Lab 02, Solution of Exercise 2

We will show this by structural induction on the expression trees. Suppose we have $r_i \subseteq r_i'$ for some fixed $i$ . Note that when writing $E(r_1, ..., r_i, ... , r_n) \subseteq E(r_1, ..., r_i', ... , r_n)$ , we mean the subset on relations represented by the expressions.

Base case

The expression $E$ is just a leaf, i.e. $E(r_1,..., r_i, ..., r_n) = r_j$ for some $j$ . Then either $i = j$ and $E(r_1,..., r_i, ..., r_n) \subseteq E(r_1,..., r_i', ..., r_n)$ follows directly from $r_i \subseteq r_i'$ . Otherwise, $i \ne j$ , but in this case $r_j \subseteq r_j$ , since $r_j = r_j$ , so the result follows.

Inductive case

Now suppose monotonicity holds for two expressions $E_1$ and $E_2$ . Hence, denoting the relations represented by these expressions by $s_1$ and $s_2$ respectively, $s_1 \subseteq s_1'$ and $s_2 \subseteq s_2'$ , where the primed version come from replacing $r_i$ by $r_i'$ in $E_1$ and $E_2$ .
Let $E = E_1 \circ E_2$ . By

$\begin{equation*} \begin{array}{l} (x, y) \in s_1 \circ s_2 \leftrightarrow \exists w. (x, w) \in s_1 \wedge (w, y) \in s_2\\ \rightarrow \exists w. (x, w) \in s_1' \wedge (w, y) \in s_2 \\ \leftrightarrow (x, y) \in s_1' \circ s_2 \end{array} \end{equation*}$

sequential composition preserves monotonicity and so $E(r_1,..., r_i, ..., r_n) \subseteq E(r_1,..., r_i', ..., r_n)$ .
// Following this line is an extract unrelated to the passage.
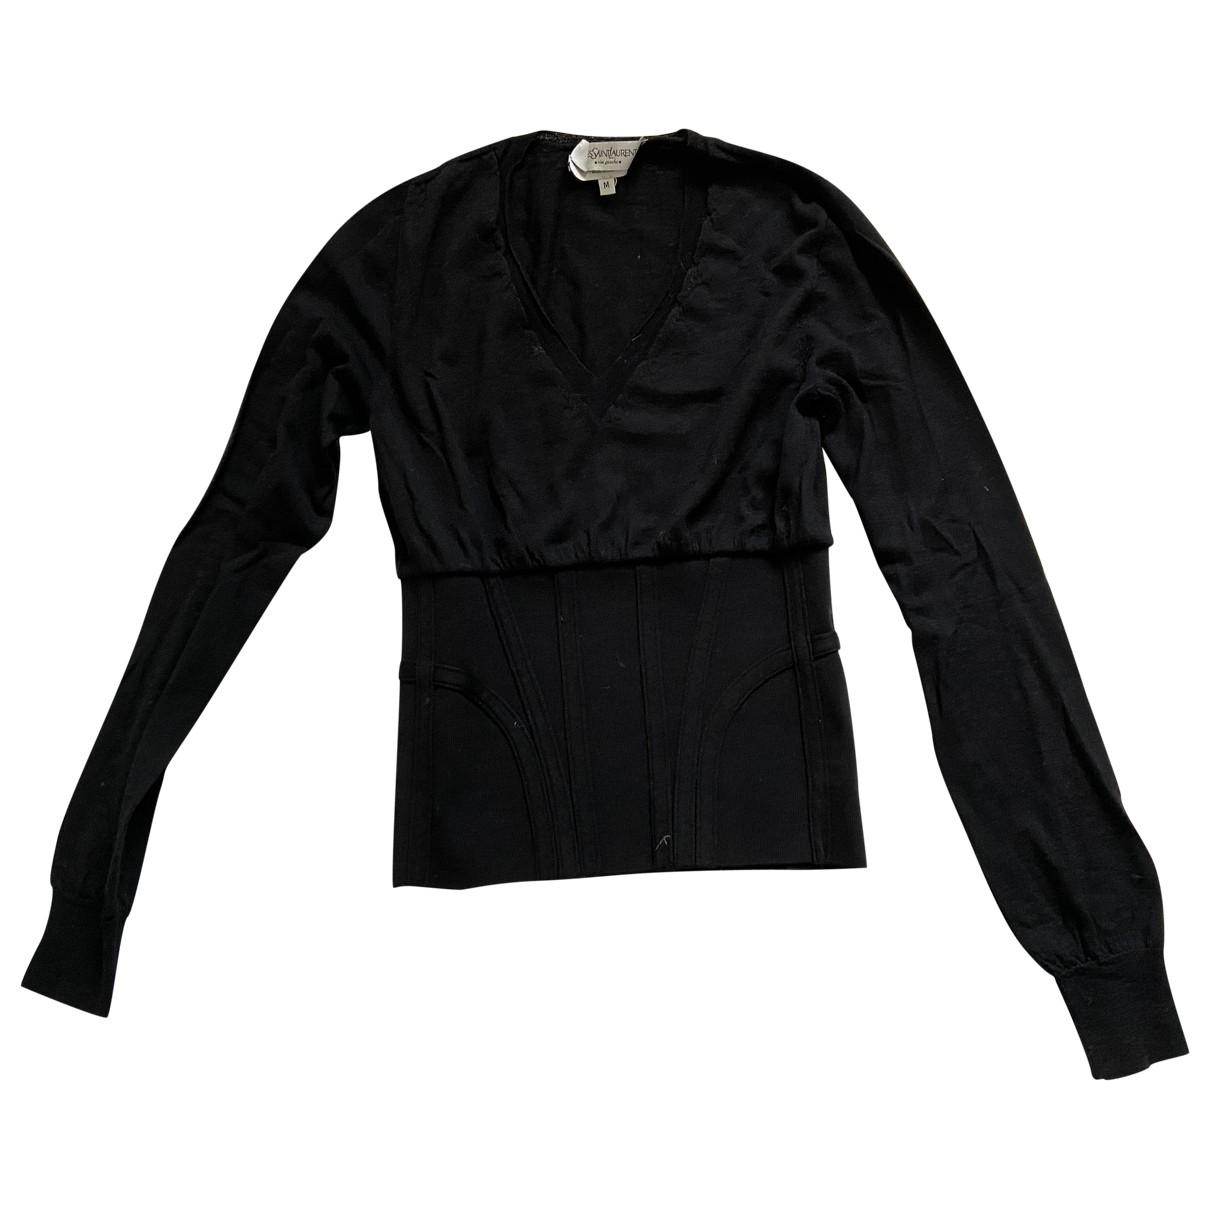 Yves Saint Laurent \N Black Wool Knitwear for Women M International
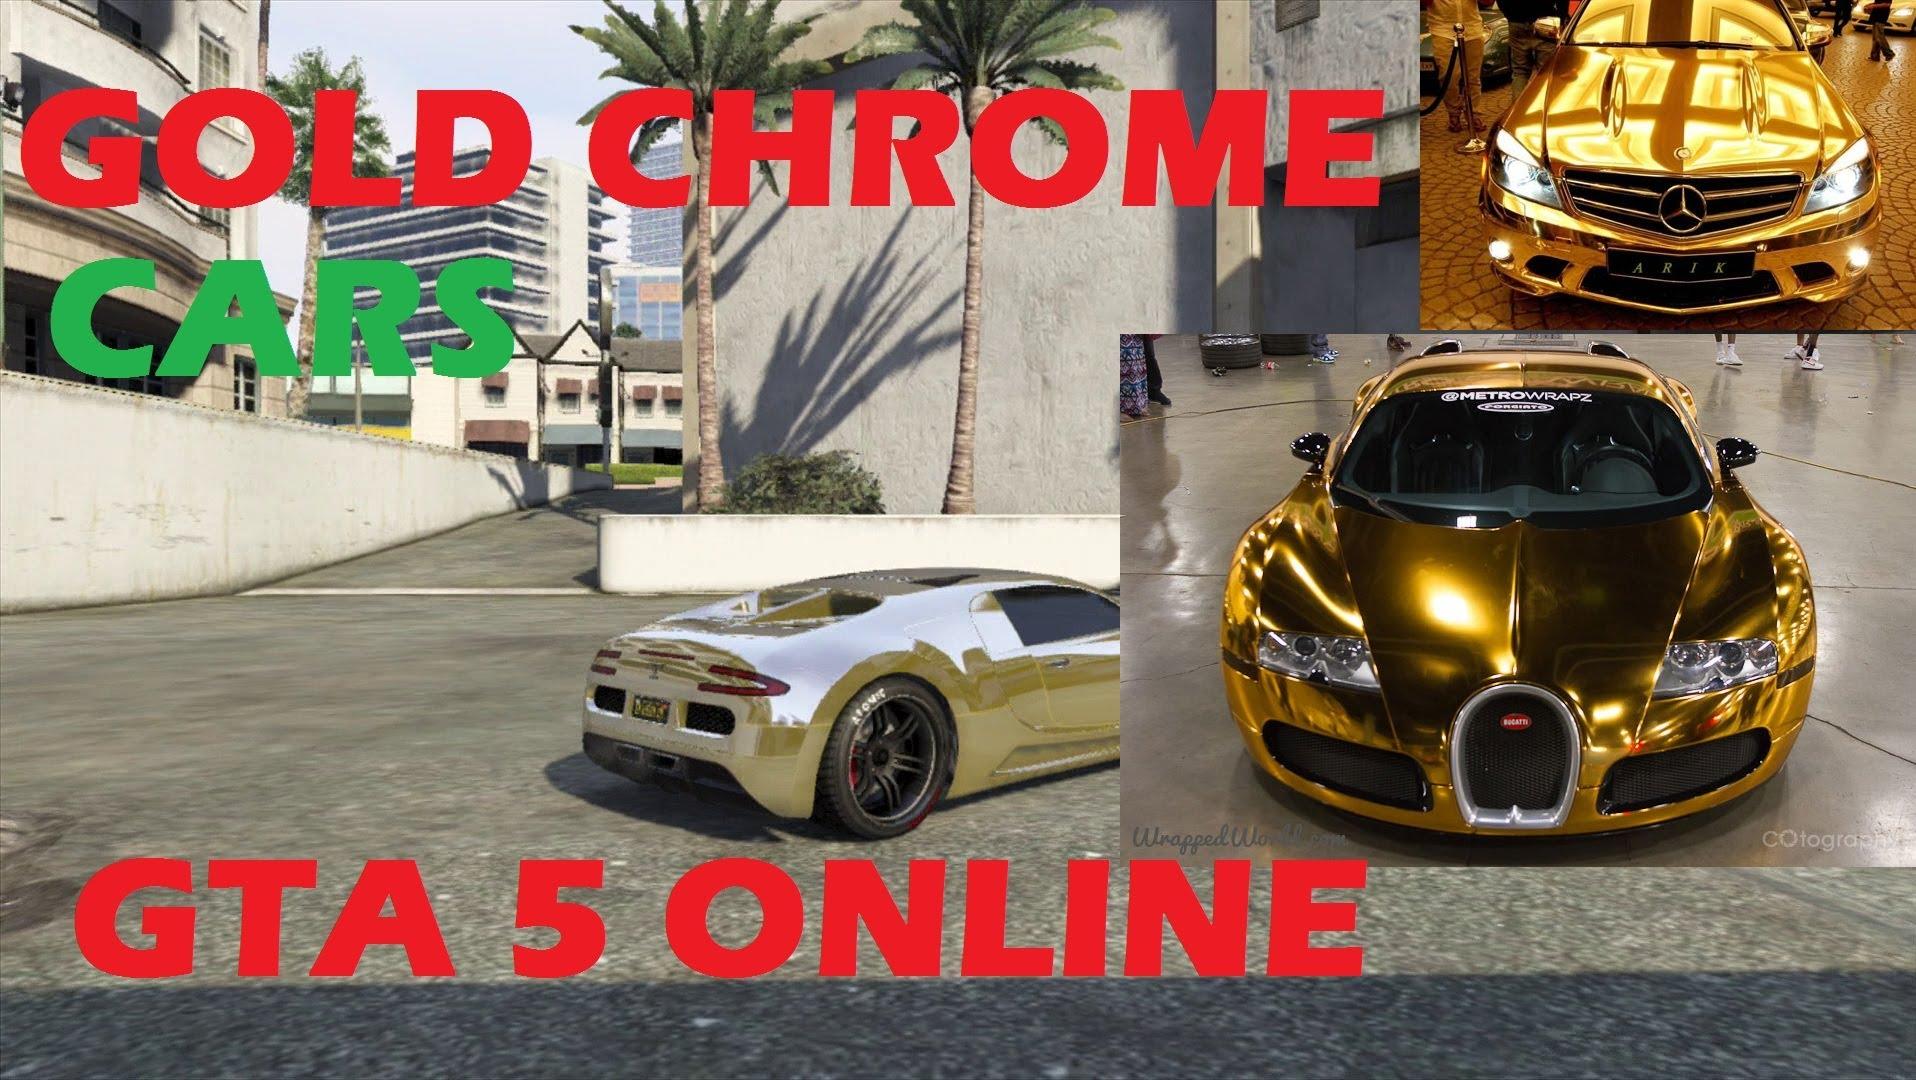 Gta 5 Online Crew Colors

Now let $E = E_1 \cup E_2$ . Since

$\begin{equation*} \begin{array}{1} (x, y) \in s_1 \cup s_2 \leftrightarrow (x, y) \in s_1 \wedge (x, y) \in s_2\\ \rightarrow (x, y) \in s_1' \wedge (x, y) \in s_2\\ \leftrightarrow (x, y) \in s_1' \cup s_2 \end{array} \end{equation*}$

union preserves monotonicity and so $E(r_1,..., r_i, ..., r_n) \subseteq E(r_1,..., r_i', ..., r_n)$ .